Can I invest in mineral rights under my property?

Mineral rights are a topic that should be discussed if you’re looking to purchase land. You may be interested in making money with the minerals, oils, and gases that land might contain, whether you are looking to buy land yourself or look for land for sale.

The mineral resources under your property could even be more valuable than the land. Individuals who want to purchase land can face legal issues if they have mineral rights.


Mineral rights are the right to own the natural resources on a property. The property owner can decide what, how and when the minerals are extracted.

Many property owners cannot extract the resources and may lease or sell the rights to others.

What minerals are included in this list?

Minerals include coal, ores and metals, as well as oil and gas.

But how is that legal?

Minerals can be found below the surface. The property owner may retain all rights on the surface, but someone else can have the rights to the minerals below.

There are many options available to the property owner for transferring ownership of minerals on their property. They have the option to sell or lease the ownership of minerals in one layer or in specific areas or individual minerals.

The owner can lease or sell the rights to all land on the property that has a coal seam if the property is in a taxable area. The rights to non-coal minerals would also be included.

They may also be able to sell or lease rights to only that particular area of coal, or to give the right to a portion of the coal seam to third parties.

Do you need to sell or rent?

There are two options available for transferring mineral rights to another party: selling them or leasing them.
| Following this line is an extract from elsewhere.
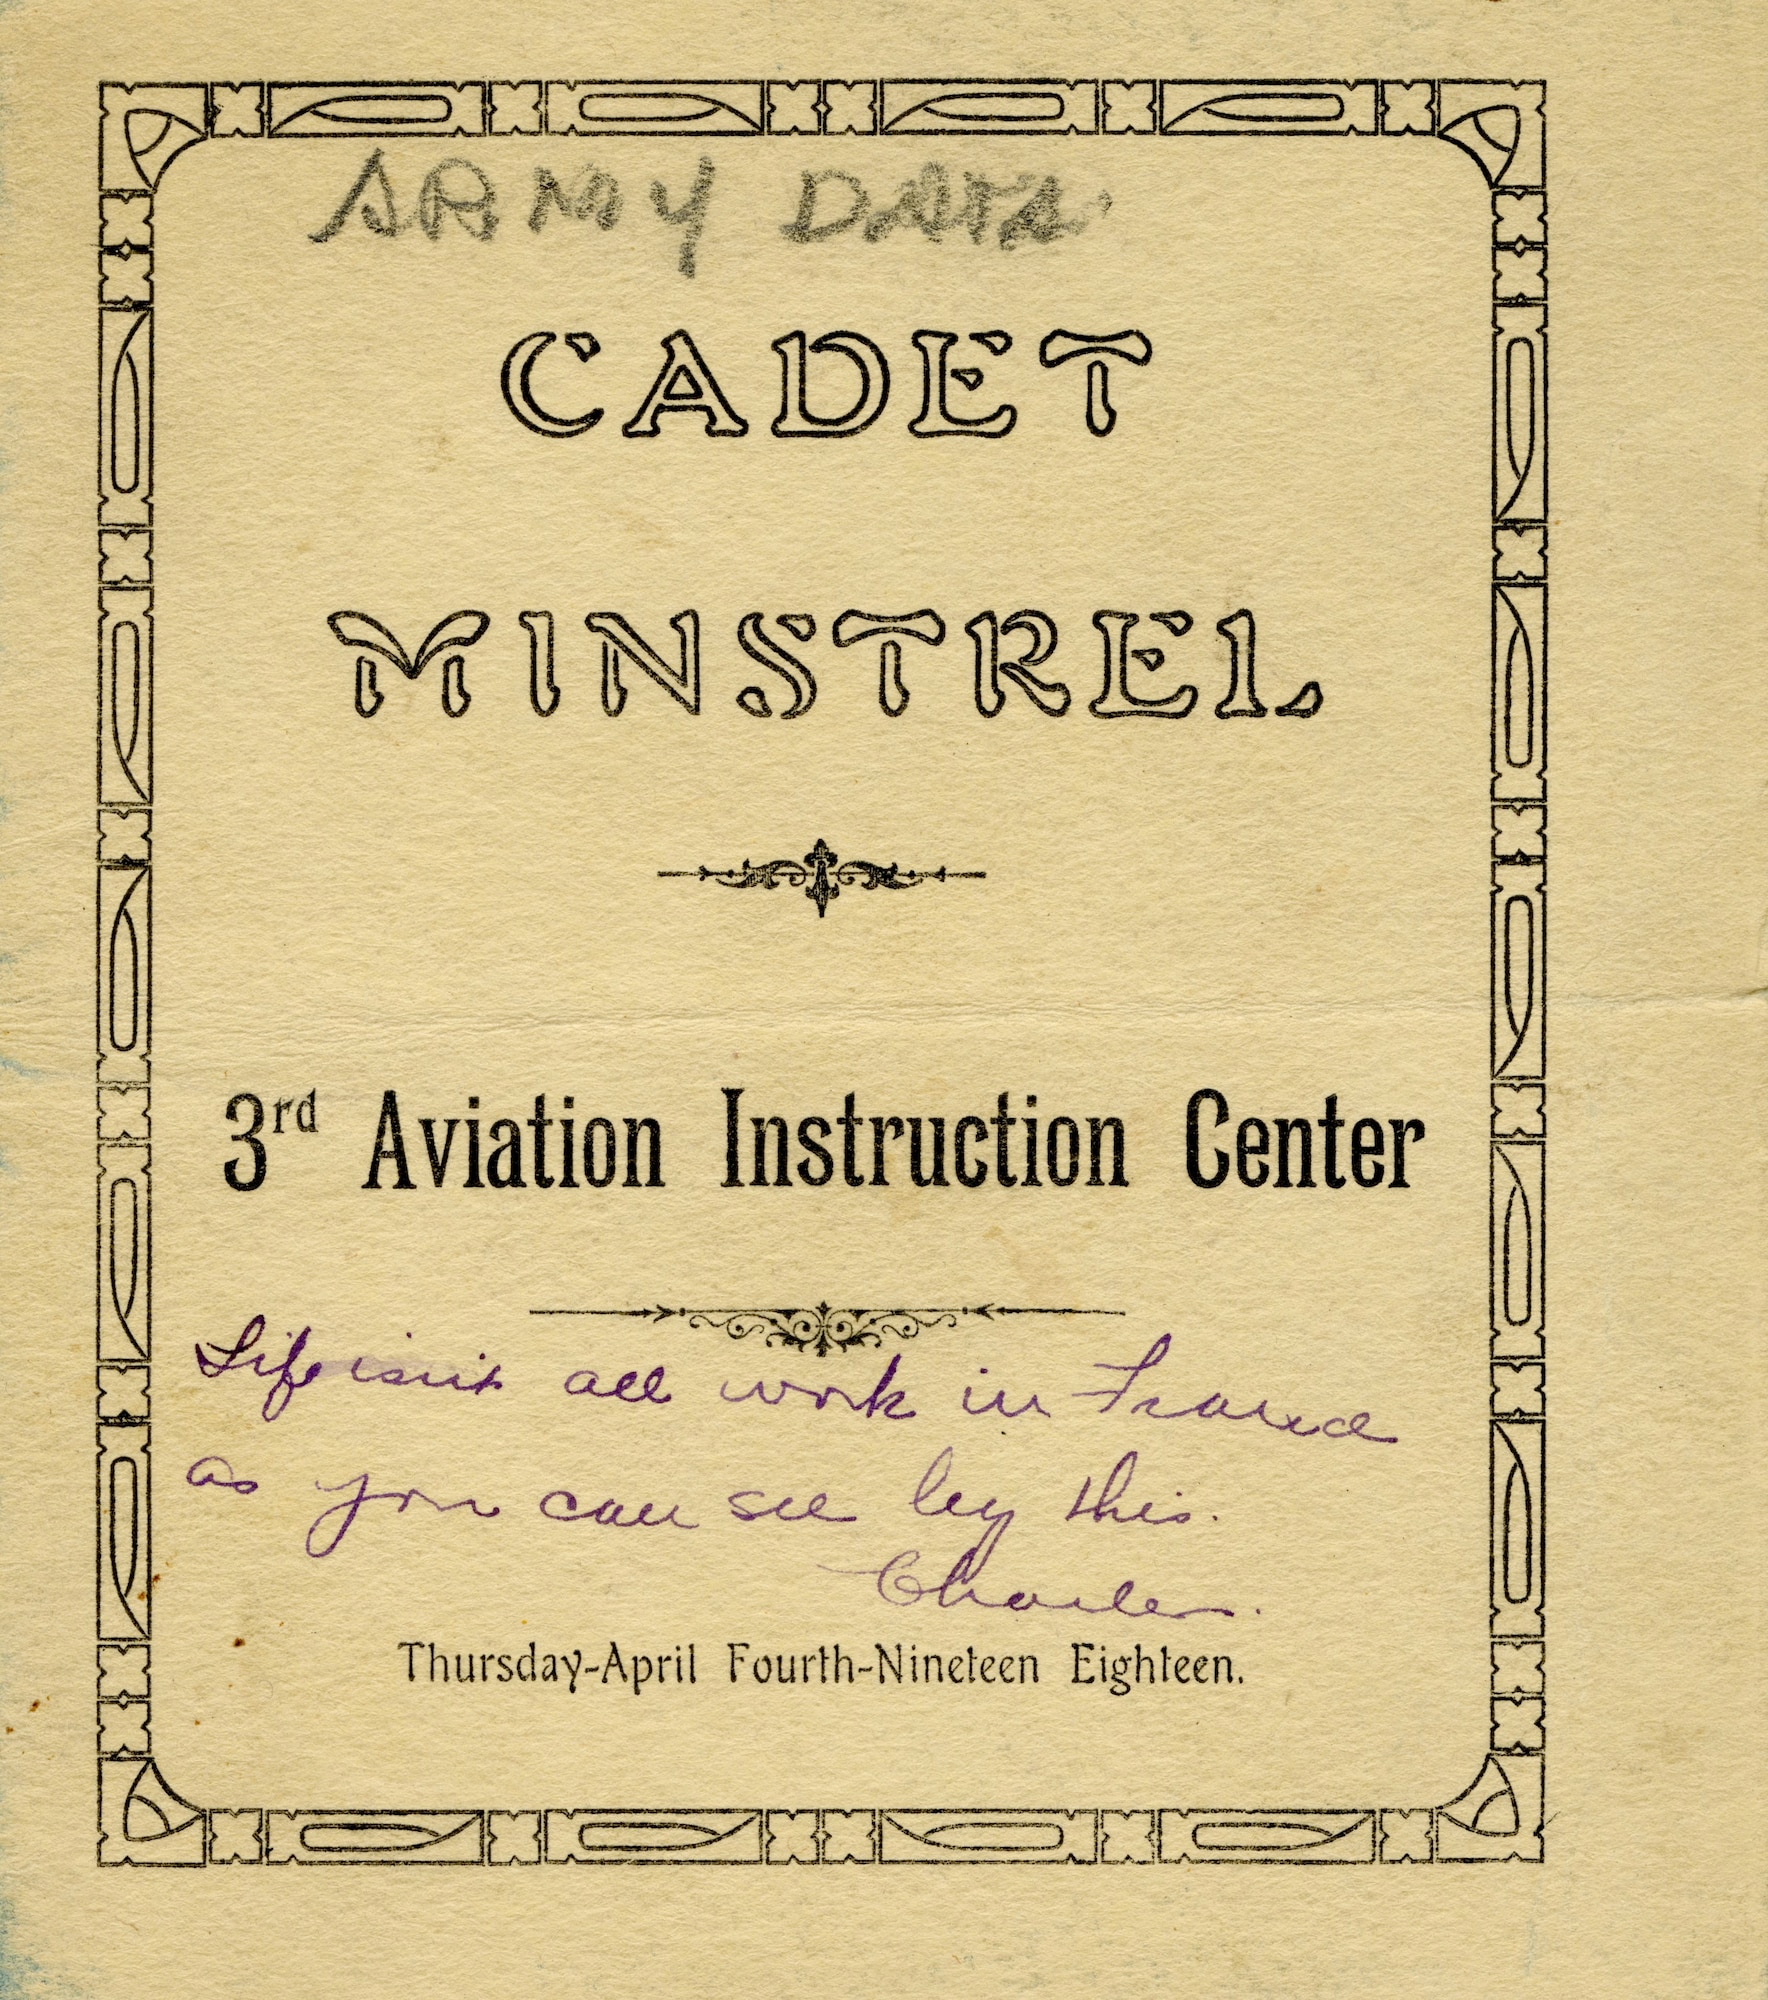 On April 4, 1918, a special musical performance was conducted by the flying staff and cadets to raise morale and break the monotony of the daily flying regimen.  A short program for this event was distributed to attendees and identified all the participating musicians.  Enclosed within the program is a leaf for a follow-on performance by many of the same musicians held at Chateauroux, France a few weeks later on April 27, 1918. (U.S. Air Force image)

You receive a lump sum when you sell your rights. All profits go to the new owners. The new owner has full control over how the minerals are extracted. In many cases, mineral rights outweigh all other rights.

This is a problem for those looking to buy hunting land, or who want to preserve any wildlife or forests on the land.
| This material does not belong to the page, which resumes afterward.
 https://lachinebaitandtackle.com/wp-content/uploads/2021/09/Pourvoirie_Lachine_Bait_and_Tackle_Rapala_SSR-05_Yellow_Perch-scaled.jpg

Selling rights can still be profitable if the contracts are written correctly. Selling rights can be more lucrative than leasing them. Future payouts are also guaranteed.

Lease mineral rights are agreements that allow a company to extract minerals and then sell them, while you keep ownership.

To come on your property to test for minerals, the company will pay an initial lease price. They will also be paid royalties if they extract the resource. This allows them to make more profit over time than if they extract all at once.

Before signing

Before you sign away your mineral rights, it is important to do thorough research and plan.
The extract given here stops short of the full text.